Dear ns-3 Experts and Colleagues,
I am working on performance evaluation of routing protocols in heavily congested Underwater Acoustic Network (UAN) using ns-3.42. I'm seeing end-to-end delays that are far above my configured simulation time, and I want to confirm what the simulator is doing under the hood when it comes to event scheduling and draining queues.
Simulation Set up
Scenario : 60 nodes, 15 CBR/UDP sources at the same time Channel capacity 10 kbps.
Mobility: Random Waypoint with 0 seconds pause time (continuous high mobility)
Traffic Duration: Applications stop at simTime - 1.0.
Simulator Stop: Set by Simulator::Stop(Seconds(simTime)).
The Observation:
I am seeing average end-to-end delays (e.g. 600-700 seconds) bigger than my configured simTime (e.g. 500 seconds) at zero pause time and heavy congestion.
My questions are:
1-How an event loop works: If Simulator:When Stop(Seconds(500)) is called, does ns-3 strictly halt all event processing at t=500, dropping any packets remaining in MAC/IP queues? Or does the simulator implicitly advance the clock to drain pending events if the event list is not empty?
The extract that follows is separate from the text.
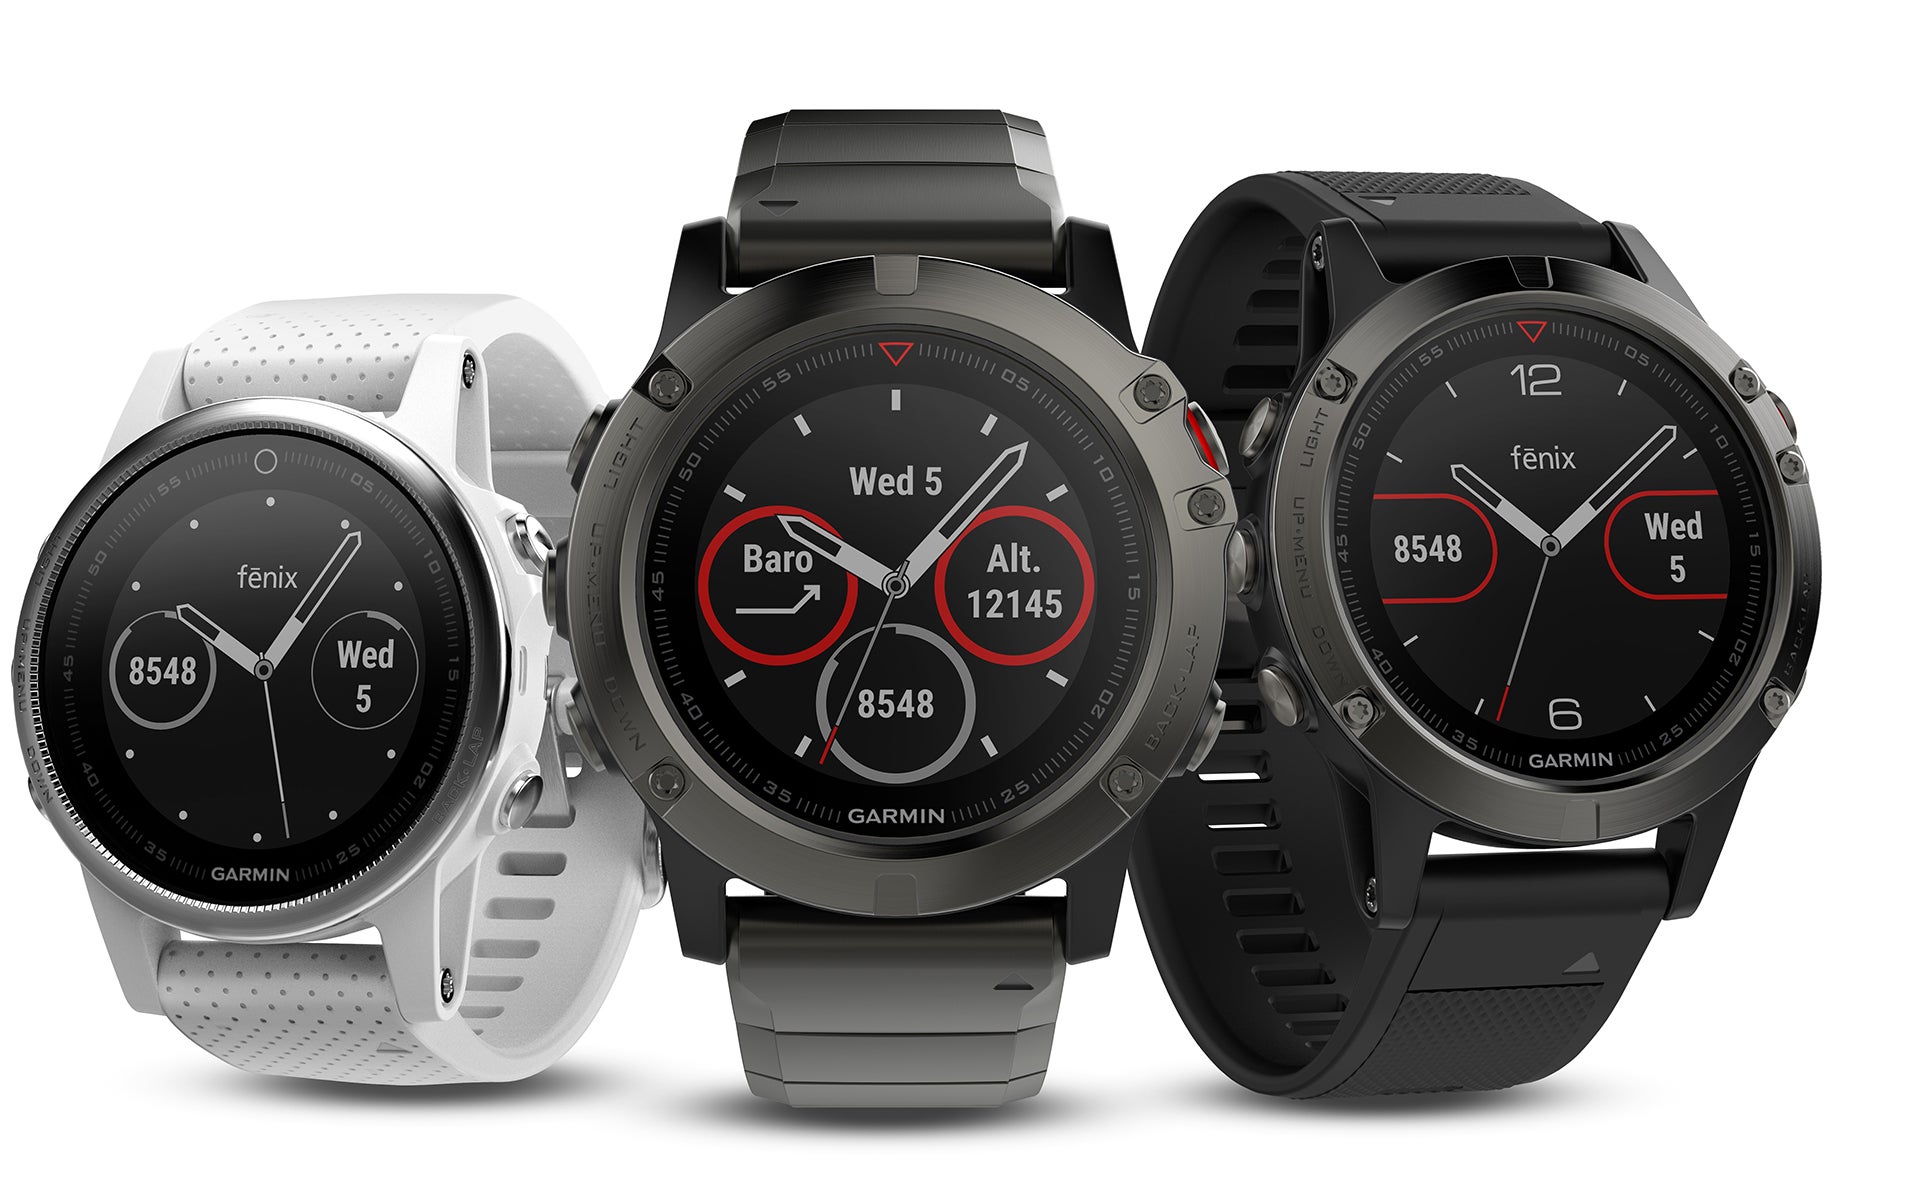 Garmin's new Fenix 5, 5X, and 5S smartwatches are functional and posh with price tags to match

2- FlowMonitor Interaction: Is the FlowMonitor module automatically scheduling events beyond the Simulator::Stop() time to make sure all transmitted packets are included in the statistics?
3- Zero Pause Time Impact: In high mobility scenarios (0s pause), large route rediscovery (RREQ floods) is caused by frequent route breaks.
Is it normal for the queueing delay to make packet delivery times extend far beyond the window for generating traffic? What happens to these "late" packets in ns-3 if the simulation clock has already stopped?
My goal is to make sure that my methodology for calculating and reporting these “super-simulation” delays is scientifically sound .
Thanks for your time and insights.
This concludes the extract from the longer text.